Business Model and Core Product Line-ups: Foxconn's business model revolves around original equipment manufacturers (OEMs) and focuses on technology, speed, quality, flexibility, and cost efficiency. The company specializes in manufacturing smart consumer electronics, cloud and networking solutions, computing products, and various components. With over 54,253 patents, Foxconn has established itself as a leader in research and development, with facilities in multiple countries.

Performance and Financials: For the quarter ending September 30, Foxconn reported robust financials, with a 24% increase in revenue compared to the previous year. The company's net profit also saw a 5% rise. However, November's revenue witnessed a 29% drop, primarily attributed to production issues stemming from the protests in China. Despite this, Foxconn's share price has remained relatively stable, declining only 1.91% over the past twelve months.
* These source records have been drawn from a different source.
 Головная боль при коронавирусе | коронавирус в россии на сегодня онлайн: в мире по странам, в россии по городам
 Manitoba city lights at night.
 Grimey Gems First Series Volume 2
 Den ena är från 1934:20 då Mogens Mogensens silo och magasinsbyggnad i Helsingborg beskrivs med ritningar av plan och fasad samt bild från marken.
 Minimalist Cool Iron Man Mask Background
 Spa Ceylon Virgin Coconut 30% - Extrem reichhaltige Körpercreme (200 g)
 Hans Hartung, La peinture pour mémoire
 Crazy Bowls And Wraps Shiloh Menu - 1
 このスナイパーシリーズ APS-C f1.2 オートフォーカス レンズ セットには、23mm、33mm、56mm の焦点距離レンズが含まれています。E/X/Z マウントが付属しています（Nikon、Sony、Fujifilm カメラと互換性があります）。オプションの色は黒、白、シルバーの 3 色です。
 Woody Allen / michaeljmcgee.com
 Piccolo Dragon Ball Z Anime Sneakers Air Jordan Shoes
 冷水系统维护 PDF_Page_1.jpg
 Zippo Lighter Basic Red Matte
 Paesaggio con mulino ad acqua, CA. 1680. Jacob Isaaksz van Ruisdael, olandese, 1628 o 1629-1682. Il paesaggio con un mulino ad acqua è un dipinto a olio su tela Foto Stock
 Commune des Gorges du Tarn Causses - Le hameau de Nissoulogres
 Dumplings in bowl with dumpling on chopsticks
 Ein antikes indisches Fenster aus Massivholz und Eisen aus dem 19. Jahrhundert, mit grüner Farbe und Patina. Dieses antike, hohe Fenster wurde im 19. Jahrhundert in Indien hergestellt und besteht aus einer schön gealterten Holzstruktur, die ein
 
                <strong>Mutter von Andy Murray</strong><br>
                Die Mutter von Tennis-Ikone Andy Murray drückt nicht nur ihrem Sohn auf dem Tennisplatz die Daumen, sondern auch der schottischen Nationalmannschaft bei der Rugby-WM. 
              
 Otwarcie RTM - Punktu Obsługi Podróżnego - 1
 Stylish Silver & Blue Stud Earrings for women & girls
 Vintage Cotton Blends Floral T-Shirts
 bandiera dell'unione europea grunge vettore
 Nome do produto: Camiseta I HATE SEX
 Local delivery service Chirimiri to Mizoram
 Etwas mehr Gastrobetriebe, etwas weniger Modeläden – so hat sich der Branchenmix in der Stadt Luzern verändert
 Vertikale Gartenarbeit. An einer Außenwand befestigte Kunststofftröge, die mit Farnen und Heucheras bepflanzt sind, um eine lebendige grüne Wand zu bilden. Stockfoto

Diversification and Subsidiaries: Over the years, Foxconn has diversified its portfolio through the acquisition of several brands. Subsidiaries of Hon Hai Precision Industry include Sharp Corporation, Belkin, FIH Mobile, and Smart Technologies. Apple continues to be Foxconn's major client, contributing around 50% of the company's revenue.

Future Ventures: Looking ahead, Foxconn is not solely reliant on its historical success in electronic manufacturing. The company has entered the medical device manufacturing sector and has recently forayed into electric vehicles (EV). Foxconn is part of the MIH consortium, releasing two electric vehicle concepts. The company aims to leverage its success in contract manufacturing for electronics into the EV sector, even expressing interest in manufacturing cars for Tesla.

In conclusion, Foxconn Technology Group's resilience, adaptability, and diversification efforts position it as a key player in the ever-evolving landscape of global technology manufacturing. Despite challenges, the company's strategic moves into new sectors indicate a commitment to innovation and sustainable growth.